For the second key we want to go backwards. We decrypt our known ciphertext with all possible keys. Then we check our dictionary. If we find our result in there, we know that our key was correct and we can just take the value for key1 from the dict.
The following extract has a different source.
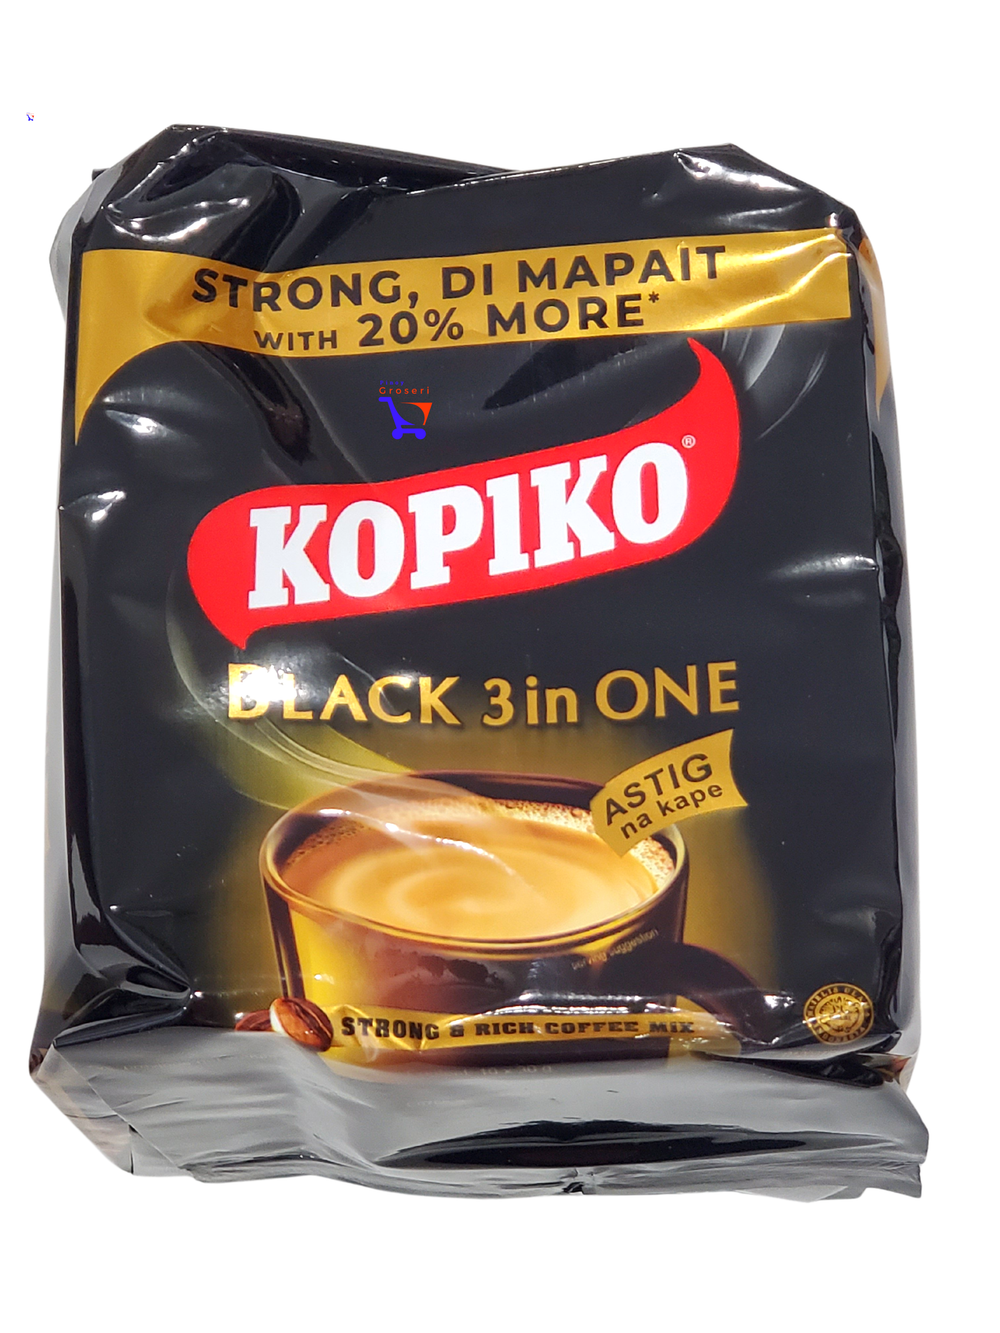 Kopiko Black 3 in 1 Instant Coffee (Astig)

So first, let's get our flag and plaintext-ciphertext pair from our Docker:
```bat
Super strong encryption service approved by the elves X-MAS spirit.
Message for all the elves:
d8c4cf645e889ec3d21fdaca4083d17acdd31489126f7a4bd48b73ea51675513165a00308497170dc3cd18ee969e4fc24c2534bffa9aa9ae06df
aeae8d025b9ae4ea59fa5c81103ef4ded08f76f88dffd40c7eb15aa21cc1ff88966c3ddcab89
Encrypt your text:
> {"pt":"aaaaaaaaaaaaaaaa"}
dd94b4f4708c5d21ac12ca38d5a0cebe
```

With the variables we got, we can use the following python code to calculate everything for us:
```py
import json
from Crypto.Util.Padding import pad
from Crypto.Cipher import AES

def first_half(plaintext, const, printable):
dt = json.loads('{"pt":"' + plaintext + '"}')
pt = bytes.fromhex(dt['pt'])
res = {}
for a in printable:
for b in printable:
for c in printable:
for d in printable:
key1 = const + bytes(a.encode('latin-1')) + bytes(b.encode('latin-1'))
+ bytes(c.encode('latin-1'))+bytes(d.encode('latin-1'))
cipher1 = AES.new(key=key1, mode=AES.MODE_ECB)
c1 = cipher1.encrypt(pad(pt, 16))
res[c1] = key1
return res

def second_half(ciphertext, dict, const, printable):
ct = bytes.fromhex(ciphertext)
for a in printable:
for b in printable:
for c in printable:
for d in printable:
key2 = bytes(a.encode('latin-1')) + bytes(b.encode('latin-1'))
+ bytes(c.encode('latin-1'))+bytes(d.encode('latin-1')) + const
cipher2 = AES.new(key=key2, mode=AES.MODE_ECB)
res = cipher2.decrypt(ct)
if res in dict:
key1 = dict[res]
return key1, key2

def main():
flag = 'd8c4cf645e889ec3d21fdaca4083d17acdd31489126f7a4bd48b73ea51675513165a00308497170dc3cd18ee969e4fc24c2534b...'
plaintext = 'aaaaaaaaaaaaaaaa'
ciphertext = 'dd94b4f4708c5d21ac12ca38d5a0cebe'
const = b'cyb3rXm45!@#'
printable = ['0','1','2','3','4','5','6','7','8','9','a','b','c','d','e','f']

dictionary = first_half(plaintext, const, printable)
key1, key2 = second_half(ciphertext, dictionary, const, printable)

cipher1 = AES.new(key=key1, mode=AES.MODE_ECB)
cipher2 = AES.new(key=key2, mode=AES.MODE_ECB)

decrypted_flag = cipher1.decrypt(cipher2.decrypt(bytes.fromhex(flag)))
print(decrypted_flag)

main()
```

The output of our code is:
```
b'https://www.youtube.com/watch?v=DZMv9XO4Nlk\nHTB{m337_m3_1n_7h3_m1ddl3_0f_3ncryp710n}\x0c\x0c\x0c\x0c\x0c\x0c\x0c\x0c\x0c\x0c\x0c\x0c'
```

We get a nice christmas song and our flag `HTB{m337_m3_1n_7h3_m1ddl3_0f_3ncryp710n}`!